Goldman Sachs sees the U.S. economy gathering steam later this year following a sluggish first quarter, and investors have an opportunity to increase their exposure to the upside, the investment bank's chief U.S. equity strategist said Tuesday.
"As earnings move slowly higher, the market should generally rise in that direction," David Kostin said on CNBC's "Squawk on the Street." "So from a strategy perspective, we look more for cyclicals, and lower valuations would be a good strategy in this environment."
Market watchers expected the economy to be growing sharply and strongly at beginning of the year, but economic activity instead decelerated for several reasons, Kostin said. As a result, defensive stocks outperformed, trading 19 times forward earnings, he said.
Investors can buy cyclicals at 16 times forward earnings and get better exposure to an improving economy if indeed GDP growth does pick up this year, he said.
"From an economic perspective, the U.S. is showing signs of improvement, from the housing point of view, from consumer, the labor market. All of those would suggest the economy is getting better, which would suggest, again, strategically, you want to be in more cyclicals and lower valuation stocks."
Goldman Sachs is bullish on automotive and airline stocks, as well as the tech sector, Kostin said.

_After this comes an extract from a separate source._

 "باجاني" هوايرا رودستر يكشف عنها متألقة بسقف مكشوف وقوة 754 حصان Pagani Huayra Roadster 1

The firm anticipates marginal growth in U.S. markets this year. It forecasts the S&P 500 will end the year at about 2,100. Its 52-week high is 2,152.

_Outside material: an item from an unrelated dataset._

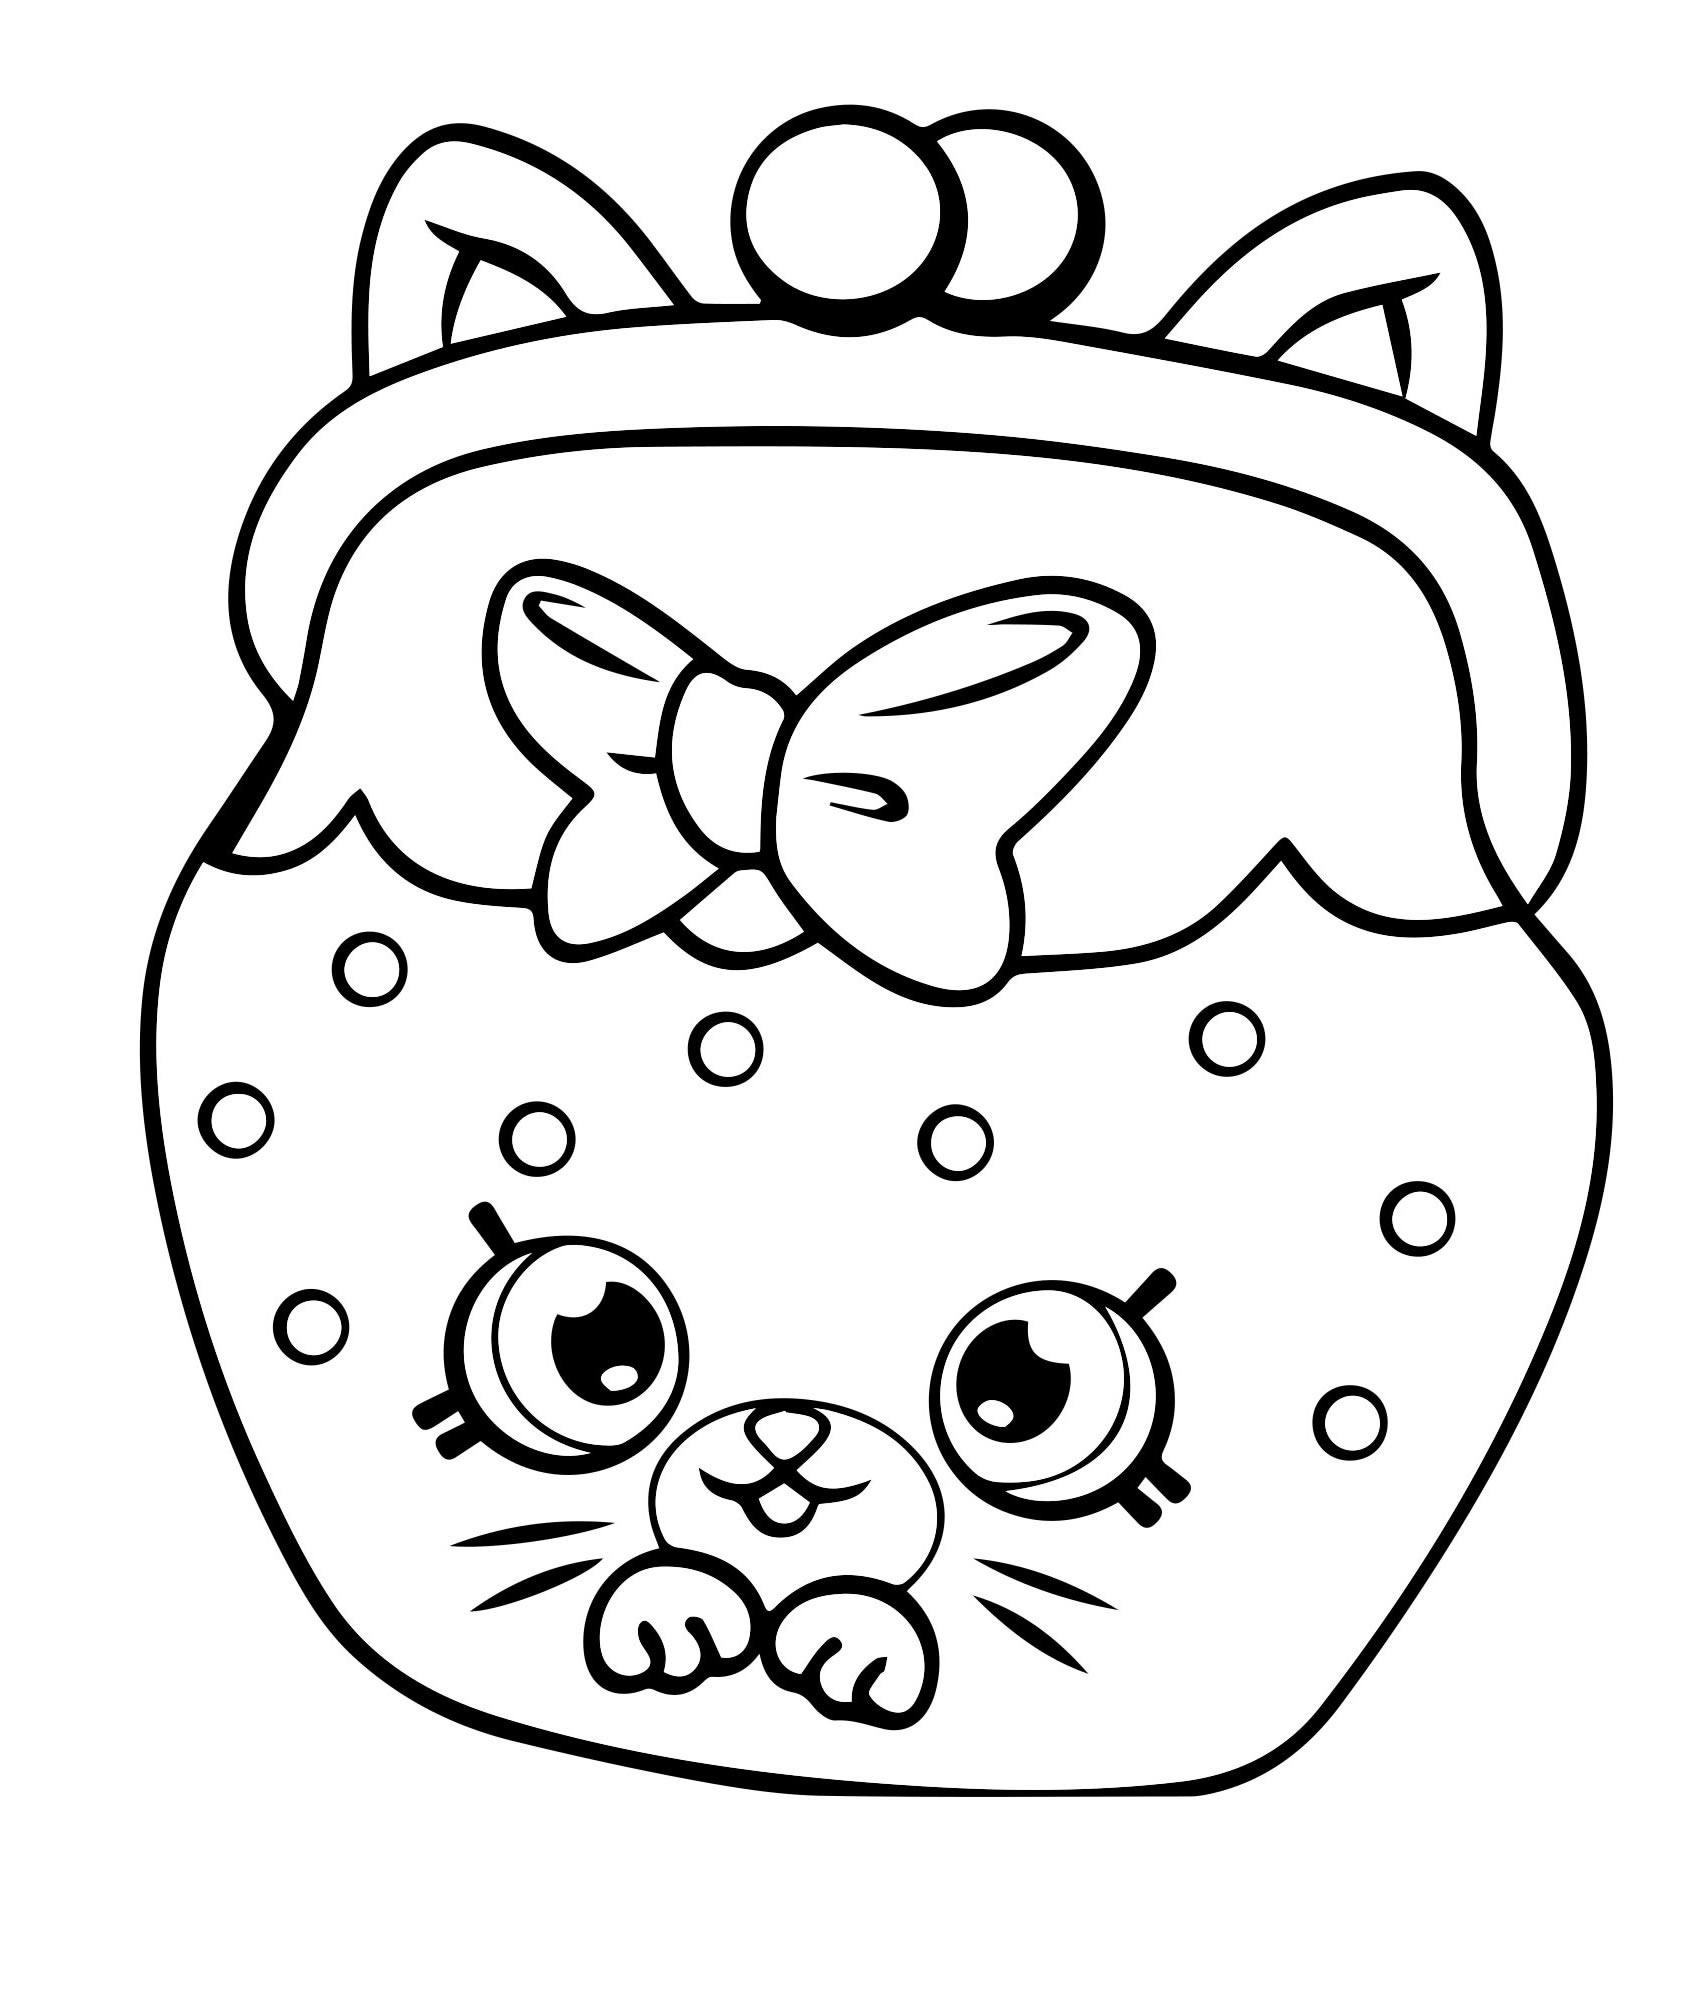 Котик шопкинс раскраска для детей

U.S. indexes will likely experience pressure following the Federal Reserve's anticipated interest rate hike, said Kostin, who noted price-to-earnings multiples have historically compressed about 8 percent following past central bank tightenings. A stock's price-to-earnings ratio is a measure of its expected future earnings growth.
"Then ultimately it will be a function of whether the economy is improving," Kostin said. "Is the economy improving as we anticipate? Then earnings can go a little higher in 2016."